HP Shares Slide 20% As Dell CEO Takes Public Potshots
It's a tough morning for HP in the aftermath of the webOS and PC business announcements yesterday, with a plummeting share price and long-time foe Michael Dell not missing the opportunity to take potshots at the ailing firm. HP may have beaten expectations for the last financial quarter, with net revenues of $31.2bn, but the market has still reacted negatively; the company's share price is down around 20-percent this morning, to around $23.50 a share, the lowest seen since mid-2005. Meanwhile, the Dell CEO has taken to Google+ to call out his old rivals. "They are calling it a separation" he sniped on Google+, "but it feels like a divorce."
"If HP spins off their PC business" he continued, "maybe they will call it Compaq?" Dell has adopted Google+ quickly, currently in the circles of almost 42,000 other users, where he posts a mixture of PR, brand hype, reminiscence over older tech and market research over potential new features and services. The HP comments are likely intended tongue-in-cheek, though some commenters have questioned what Dell would do with webOS were it in the same situation.
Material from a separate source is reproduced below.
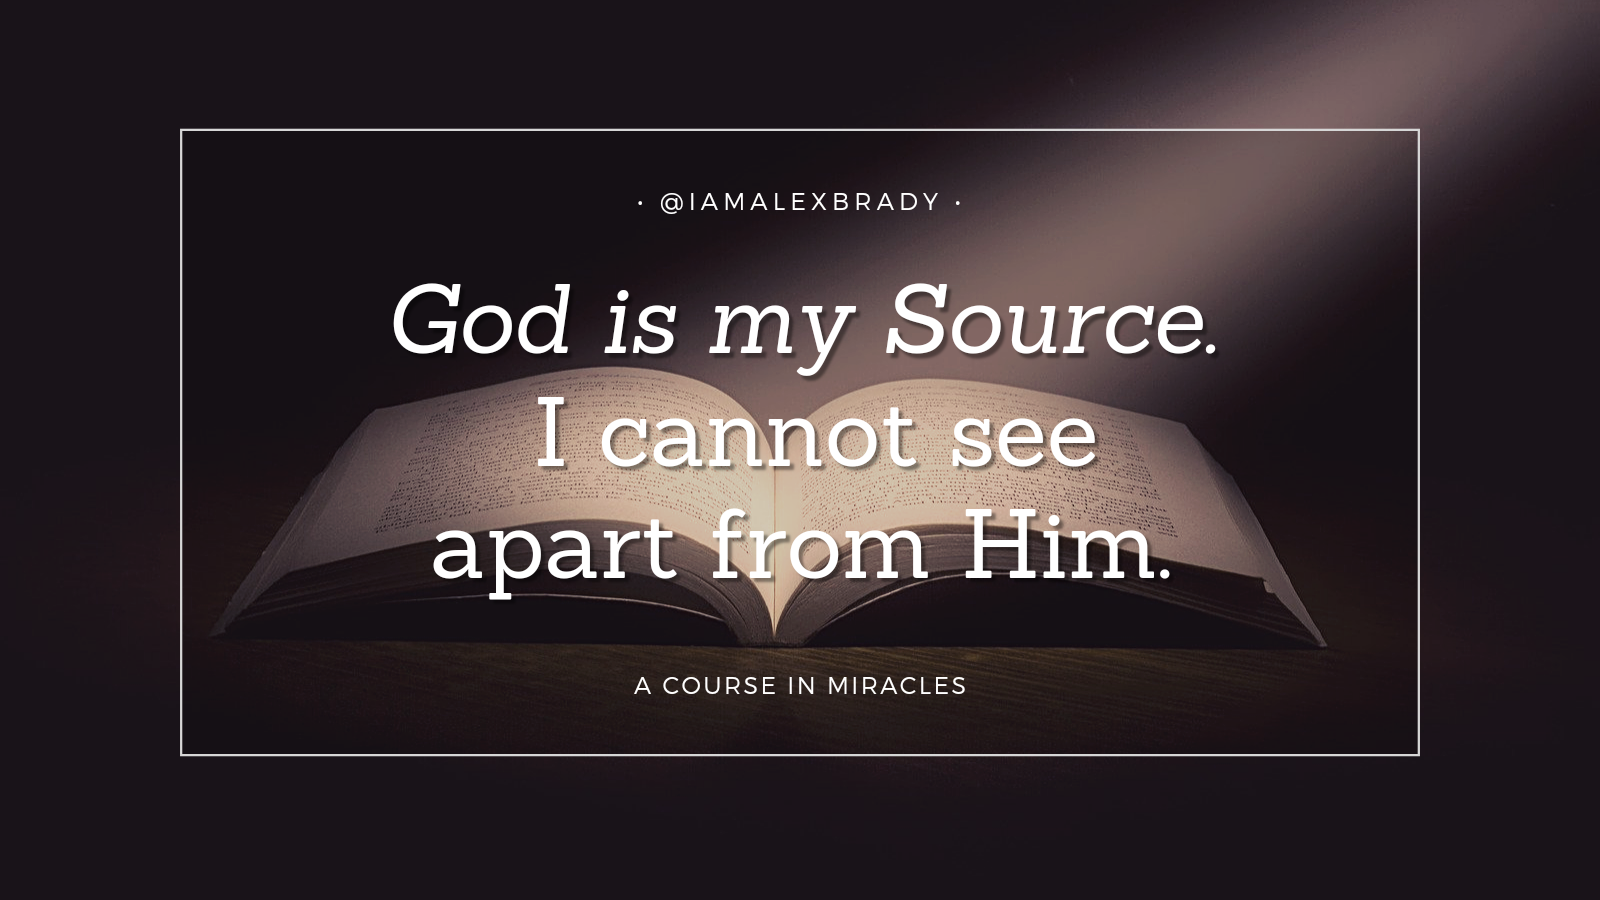 god is my source. i cannot see apart form him.

Cutting comments aside, HP is likely to be more concerned about its plummeting share price, an apparently sign that investors aren't entirely convinced with the firm's attempts to reposition itself as a software services leader. The company announced yesterday that it would acquire enterprise information management software specialist Autonomy, in a deal worth $10bn, far more than the $1.25bn it spend on Palm.
Questions over what HP will do with webOS linger, with the company indicating that it would be looking to license the platform rather than sell it on wholesale. Samsung, HTC, Amazon and others have all been suggested as possible good-fits for the OS, though none have stepped up and made any intentions public.